Of the two big Aussie uranium plays (outside the diversifieds), RBS thinks Paladin Energy ((PDN)) offers the prospect of higher returns, but of course, also higher risk.  Following a recent $429m private placement, the broker thinks the balance sheet is in good shape, with FY10 gearing at 16% and the company moving into a net cash position by the end of FY12. The broker also likes the company’s longer-term uranium exposure given its production base is now diversified, with strong production growth and resource upgrades likely.

Paladin will still need to deliver on its production targets, though, and there is potential acquisition risk given the broker sees the company as likely to acquire assets in the next 12-18 months to lock in some kind of production growth after Langer Heinrich Stage 3 comes on-line.
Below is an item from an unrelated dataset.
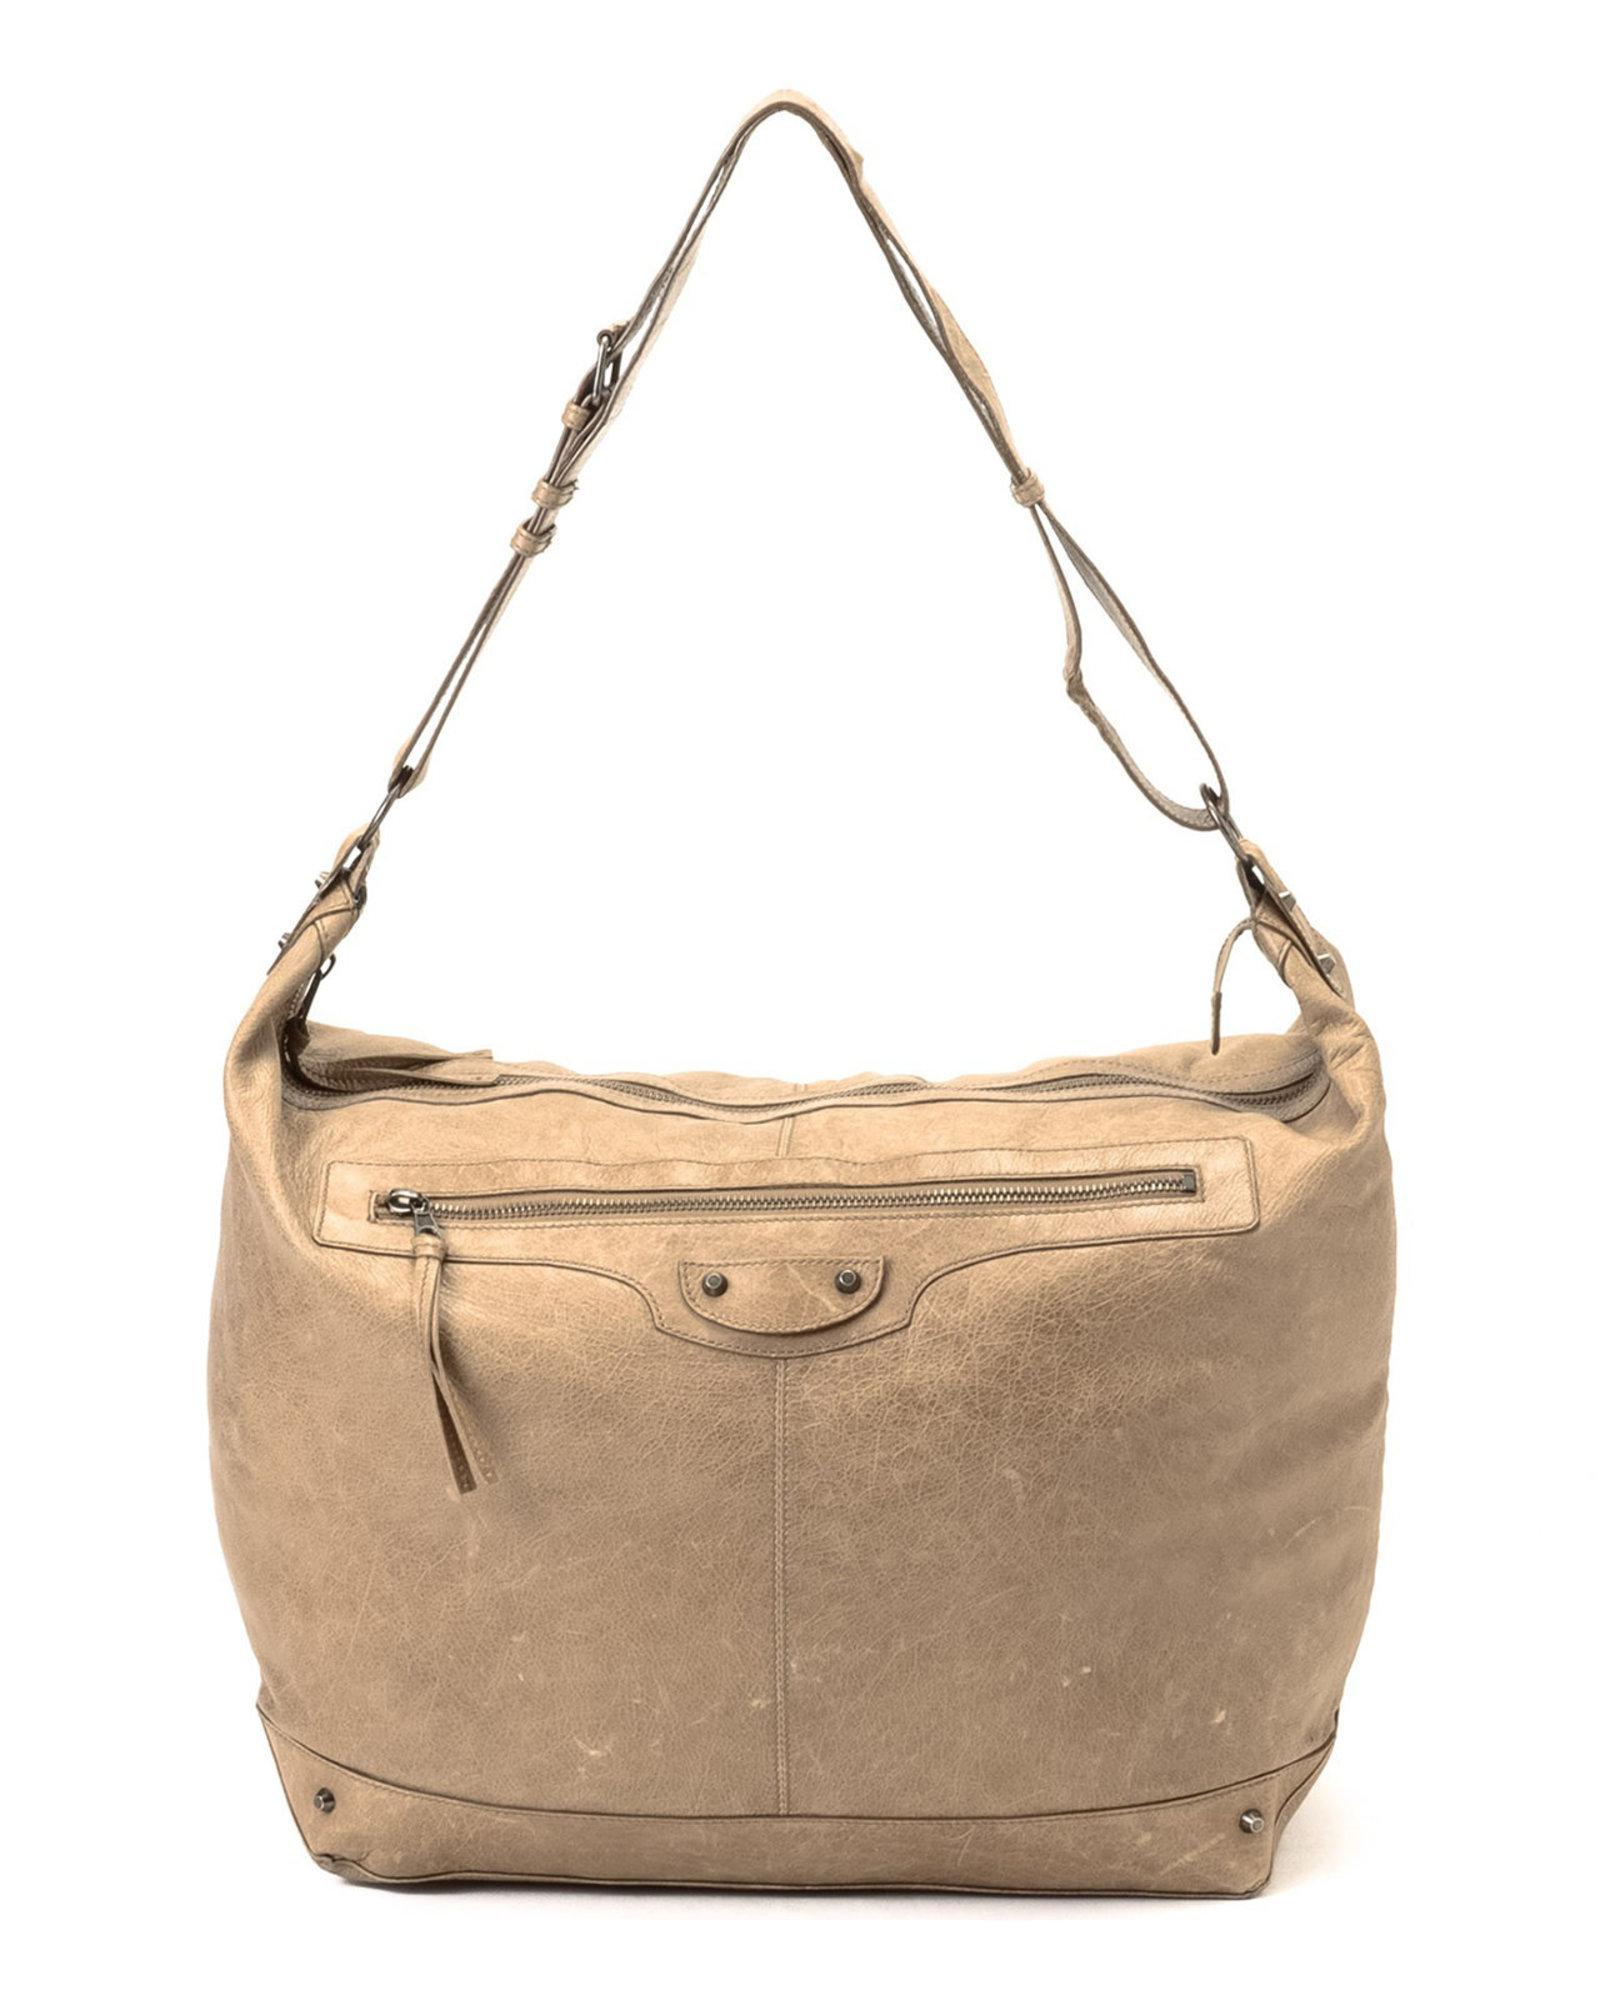 3e1c3d036f62f Lyst - Balenciaga Courier Shoulder Bag - Vintage

RBS’s recommendation on the stock is Buy, with the FNArena sentiment indicator sitting at 0.3. There are just two Buys on the stock including the one from RBS, while there are also five Holds.

Yet while the broker sees Paladin as providing good leverage to the longer-term uranium picture, it also sees peer Energy Resources of Australia ((ERA)) as providing some good leverage to a soon to improve spot. The broker sees the stock as having much less risk on a short-term basis given its current high degree of earnings resilience and strong cash flow.

RBS expects to see expanding margins over the next few years as lower-priced legacy contracts roll off the books and the company is able to take advantage of higher spot and term prices. The broker is also counting on positive news flow over the near to medium-term, as more drill results and details on growth projects are released. That said, RBS has had to push through some downgrades to its near-term earnings forecasts on the back of higher AUD forecasts.

Still, the broker’s Buy call is maintained and it is a call, much like Paladin, that is shared by only one other broker. Other than these two Buys, there are three Holds and three Sells on ERA, which make for a reading of minus 0.1 on the FNArena sentiment indicator.

TradeTech’s mid-term price benchmark has remained unchanged at US$55/lb. Its longer term price benchmark remains at US$65/lb.